EP by Megan Thee Stallion
- Released: June 8, 2018
- Length: 30:16
- Label: 1501 Certified; 300 (Warner);
- Producer: DJ Chose; LilJuMadeDaBeat; MCV; P Crisco; RamyOnTheBeat;

Megan Thee Stallion chronology
| Make It Hot (2017) | Tina Snow (2018) | Fever (2019) |

Singles from Tina Snow
- "Cocky AF" Released: February 12, 2018; "Big Ole Freak" Released: January 22, 2019;

= Tina Snow =

Tina Snow is the second extended play by American rapper Megan Thee Stallion. It was released on June 8, 2018, by 1501 Certified Entertainment and 300 Entertainment.
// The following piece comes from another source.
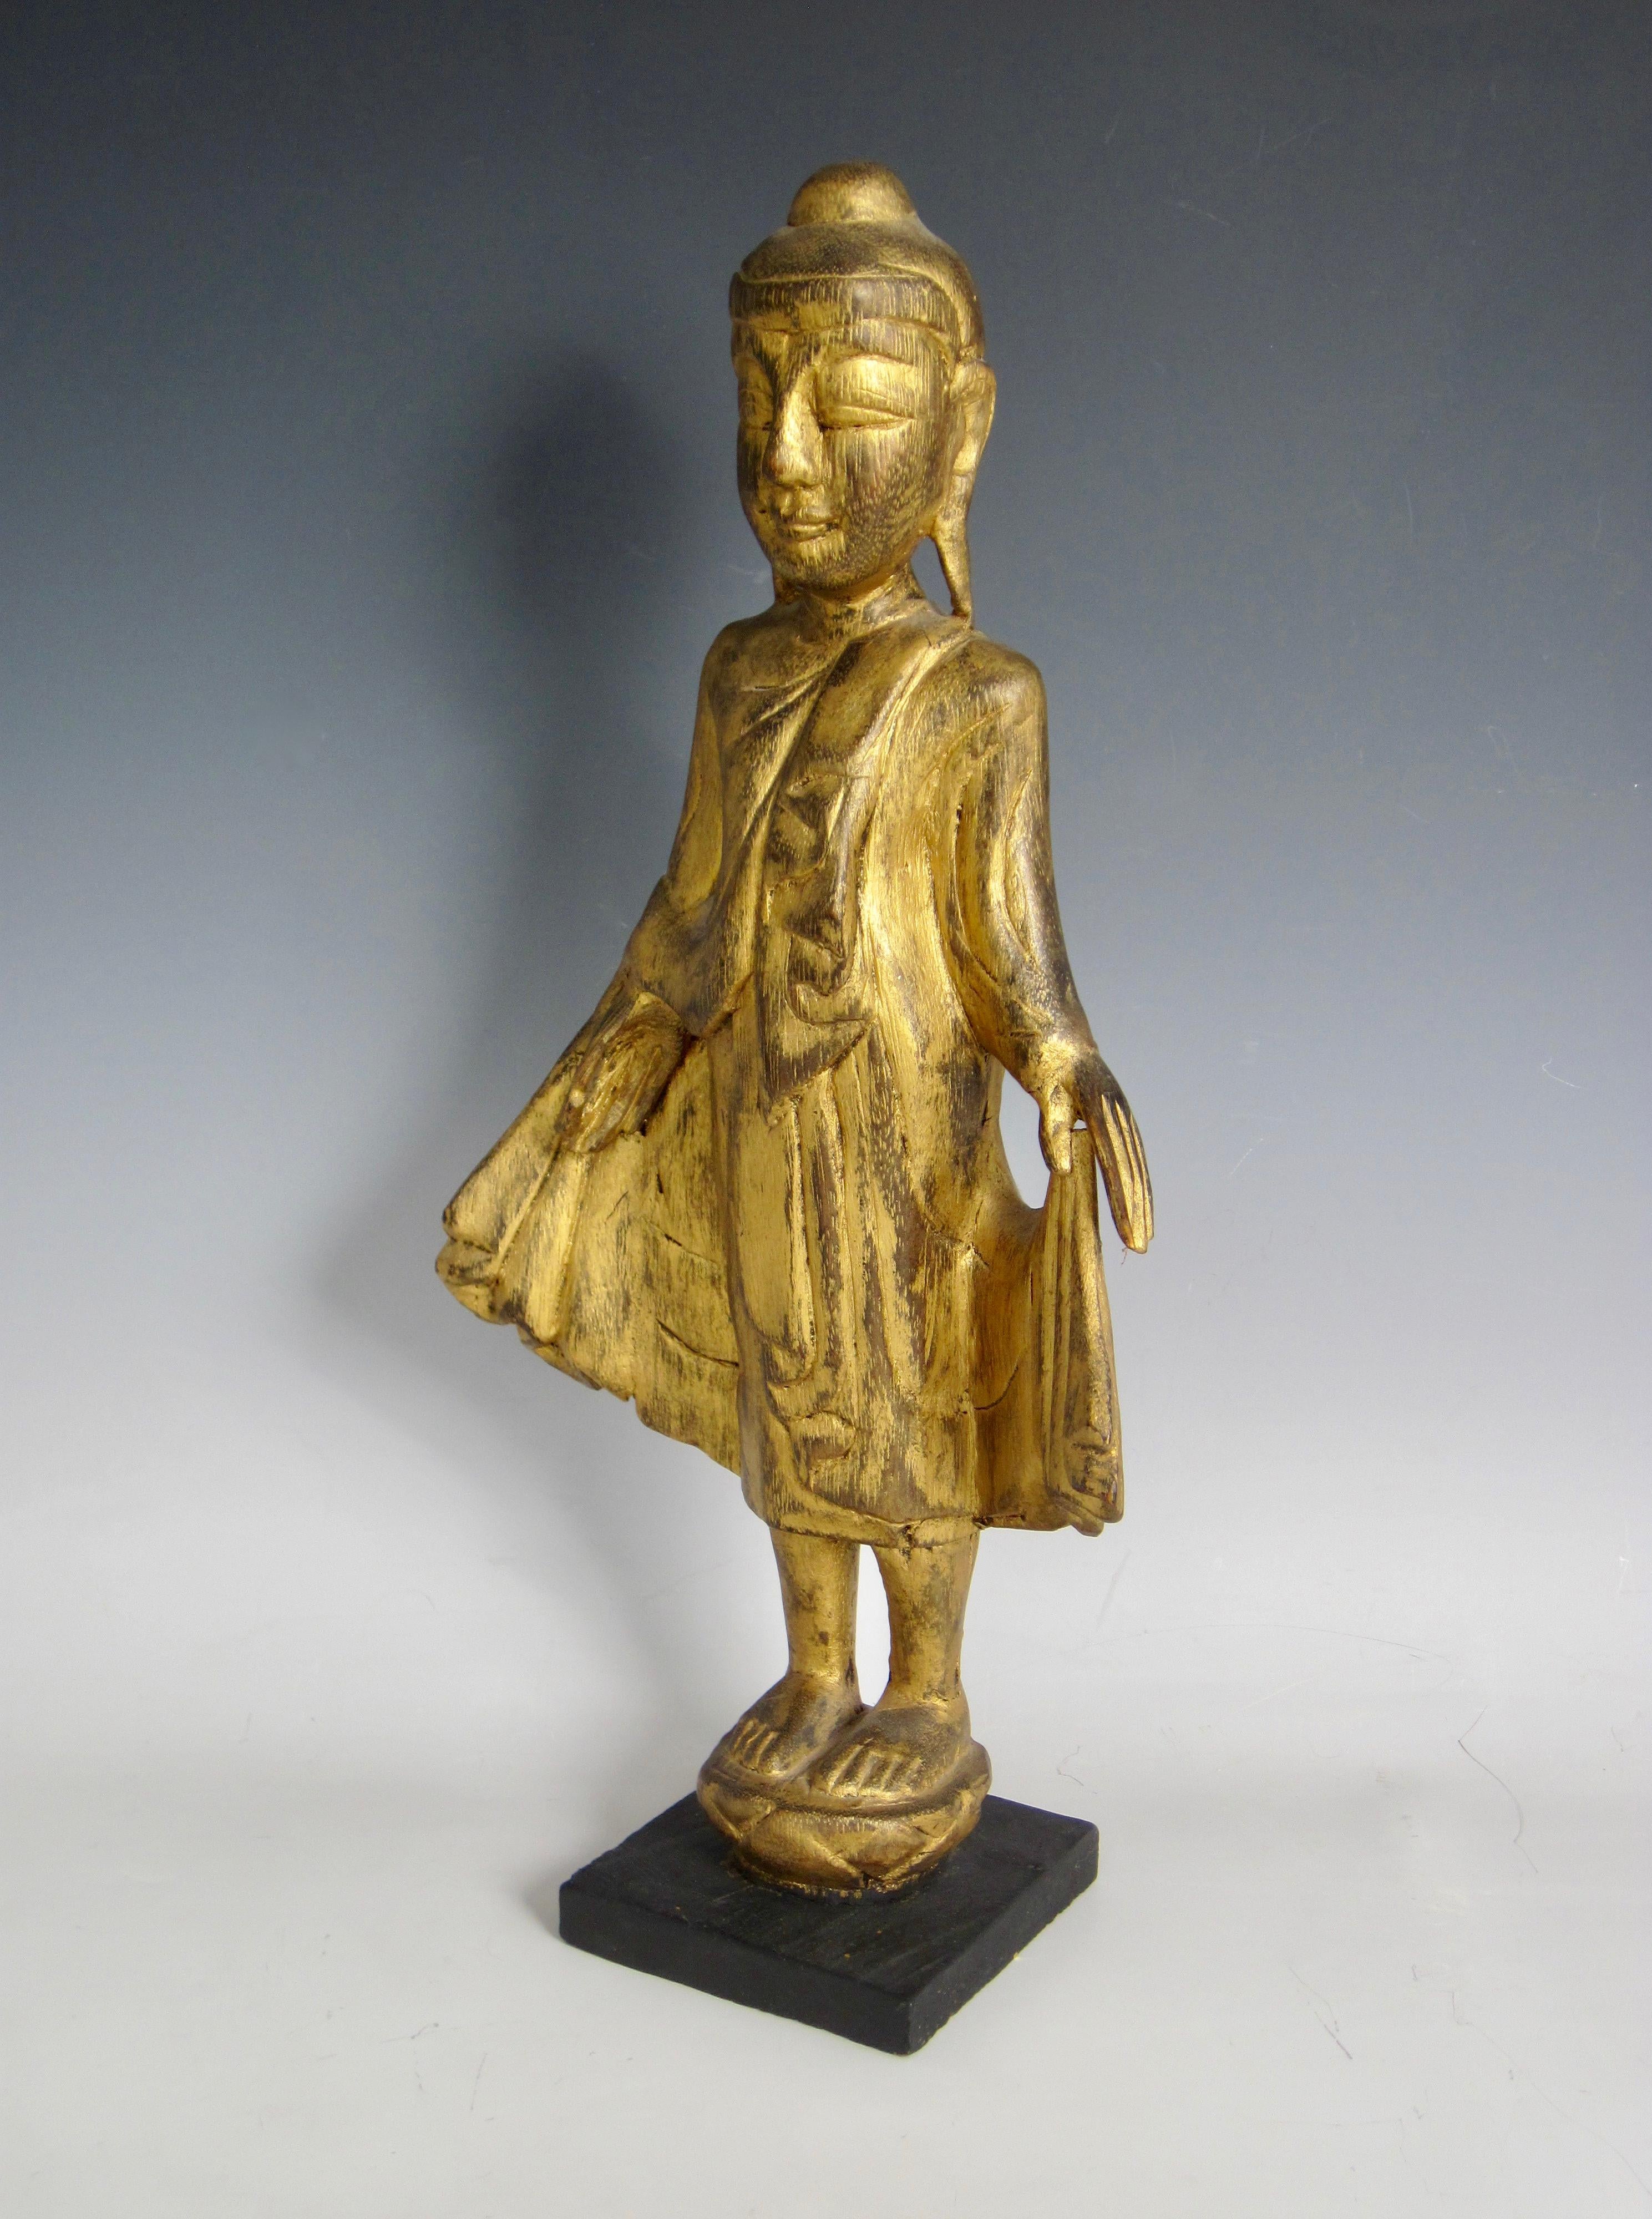 Bouddha debout sur une fleur de lotus, sculpté à la main en bois doré thaïlandais, avec une base carrée noire. Le costume est superposé et fluide et l'expression du visage est paisible avec un sourire. Sérénité et ouverture à la vie, c'est le

It features the single "Big Ole Freak", her first entry on the US Billboard Hot 100. The alter ego "Tina Snow" was inspired by Pimp C's alter ego "Tony Snow".

Professional ratings
Review scores
| Source | Rating |
| AllMusic | Star Half star |

==Track listing==

Tina Snow
| No. | Title | Producer(s) | Length |
|---|---|---|---|
| 1. | "WTF I Want" | DJ Chose | 2:17 |
| 2. | "Hot Girl" | DJ Chose; P Crisco; | 3:16 |
| 3. | "Good At" | MCV | 3:50 |
| 4. | "Freak Nasty" | LilJuMadeDaBeat | 2:53 |
| 5. | "Cognac Queen" | MCV | 3:42 |
| 6. | "Neva" | LilJuMadeDaBeat | 2:35 |
| 7. | "Big Ole Freak" | LilJuMadeDaBeat | 3:34 |
| 8. | "Tina Montana" | LilJuMadeDaBeat | 2:51 |
| 9. | "Make a Bag" (featuring Moneybagg Yo) | LilJuMadeDaBeat; RamyOnTheBeat; | 2:16 |
| 10. | "Cocky AF" | DJ Chose | 2:57 |
| Total length: |  |  | 30:16 |

==Charts==

| Chart (2019) | Peak position |
|---|---|
| US Billboard 200 | 166 |

==Certifications==

| Region | Certification | Certified units/sales |
| United States (RIAA) | Gold | 500,000^{‡} |
^{‡} Sales+streaming figures based on certification alone.